Неждана — страница 17 из 71

— Осьмиглаз, родненький, как же так?! — голосила в санях Велижа.

Никто не слышал ее за общими криками, испуганным ржанием коней, грохотом, топотом и свистом.

Пошто молодца из Тыхтышей ночью в Поспелку понесло, теперь уж никто не скажет. Мож, за Велижей дернуло за ниточку приворотную, мож, просто захотелось на ведьму поглазеть. Очень любознательный был парнишка — вспоминали потом — да хрупковат для подобных мероприятий.

Черная толпа, в которой смешались вместе деревенские и ярмарочный люд, волной хлынула на двор, затопила собой резное крыльцо.

Наконец, Влас отпер дверь, и какой-то факельщик тут же опалил ему бороду, слишком близко ткнув в лицо огнем.

— Влас! Сам Влас это! Нежданкин отец! — покатилось с крыльца в разные стороны.

Закачалась черная волна на дворе, заплескалась криками, заревела.

— Твоя дочь колдовские свистульки приворотные лепит? — строго спросил Колобуд.

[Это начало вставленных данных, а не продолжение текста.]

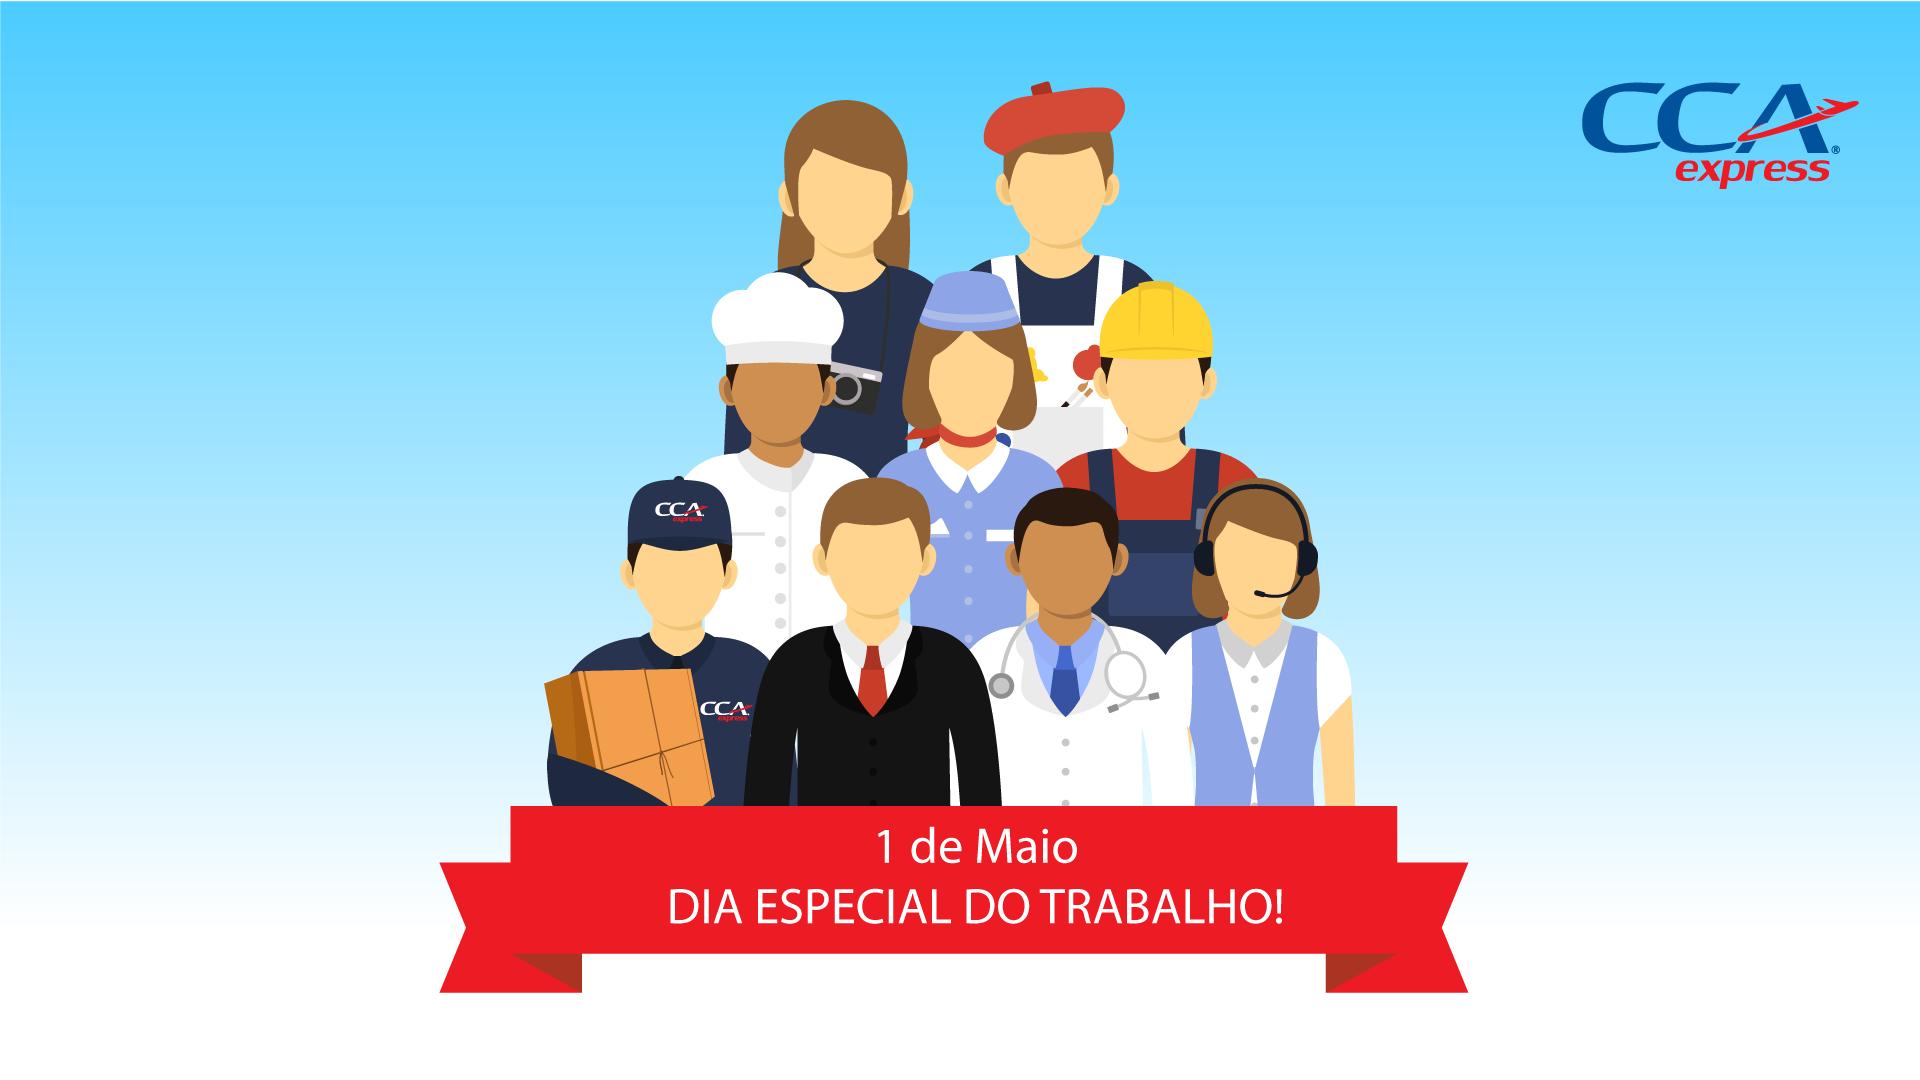 1 de Maio: Superação dos Trabalhadores

Влас промолчал. Он не знал, как ответить. Сказать: «Нет», — так то откровенное вранье, за то на месте зарубают. Ответить: «Да,» — значится, полностью признать свою вину, Нежданкину вину в колдовстве. Как им обсказать все правильно? — Влас не знал, не мог понять. Он отвык думать, у него закончились слова.

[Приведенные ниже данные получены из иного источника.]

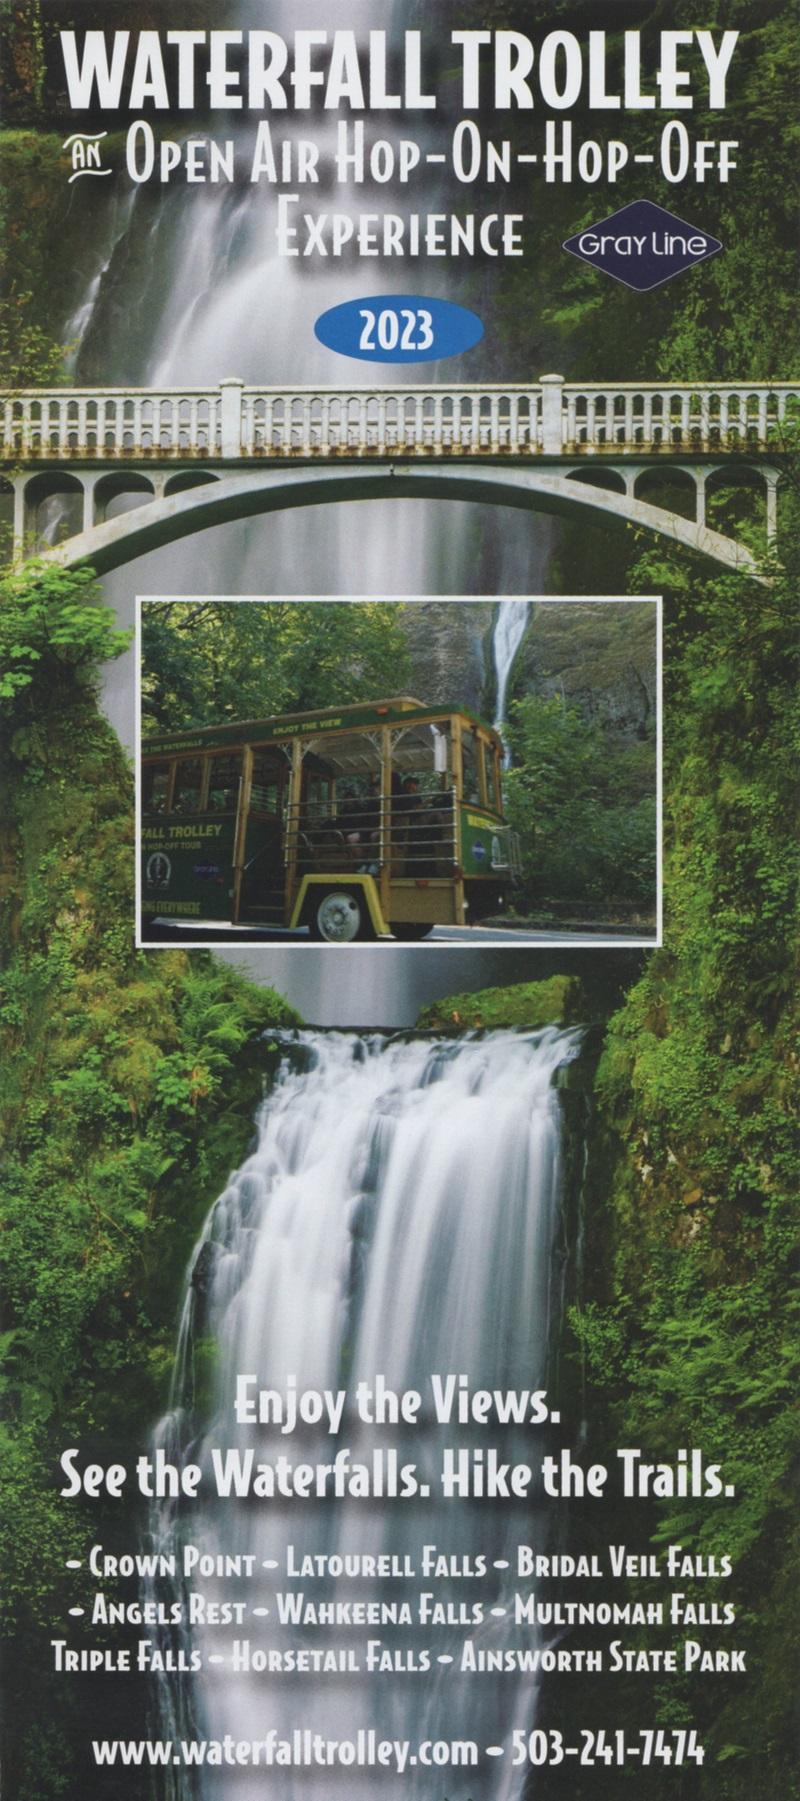 Waterfall Trolley

— Отвечай, мужик, когда тебя княжьи люди спрашивают! — грозно на всю Поспелку зарокотал Рагоза.

— Его, его дочь лепила! — пронзительным голосом закричала из-за спины мужа Сорока. — Падчерица то моя, Нежданка, не родная мне дочь, от первой жены Власа. Ведьминское отродье, никакого сладу с нею нет!

— Не лезь, баба глупая, в мужской разговор! Тебя не спрашивали, — приказал строго Прозор. — Без тебя промеж собой разберемся.

— А у них Сорока — мужик, а Влас ужО в бабу превратился! — выкрикнул кто-то из толпы.

Вокруг загоготали. Те, кто не услыхал, об чем речь, или не понял, друг у друга переспрашивали. Вспышки хохота с некоторым промедлением раздавались то тут, то там.

Влас продолжал молчать и смотрел в никуда пустым взором. Ему снова посветили в лицо в факелом, он даже не моргнул. Сквозь толщу болотной воды ему снова все виделось нечетко, смутно, качались какие-то тени, накрывало мороками.

— Ладно, ты, Сорока, тогда говори, — поменял свое решение Прозор. — Выступай вперед.

Ох, как страшно было сделать ей этот шаг из-за мужниной спины, из-за родного порога на ночной мороз. Страшно, а пришлось-таки выйти, встретиться лицом к лицу со злой толпой, посмотреть в глаза княжьим людям. И еще Авоська маленький, как на беду, клещом в ногу вцепился — не оторвешь.

Так и шагнула с малым под свет злых факелов. Пыталась юбками дитя прикрыть от чужих взглядов. Да, не убережешь, когда уж со всех сторон обступили.

— А где та ведьма, что зло колдовство приворотное творит и в свистульки прячет? Неждана, что ли? Так ее кличут? — еще строже спросил Прозор.

— В подполе я ее заперла, чтоб не убегла, — повинилась Сорока. — Не хотим мы всей семьей за дела ее черные отвечать перед богами всесильными, перед князем, да перед людьми.

И Сорока поклонилась до земли толпе, желая найти поддержку в чужих сердцах.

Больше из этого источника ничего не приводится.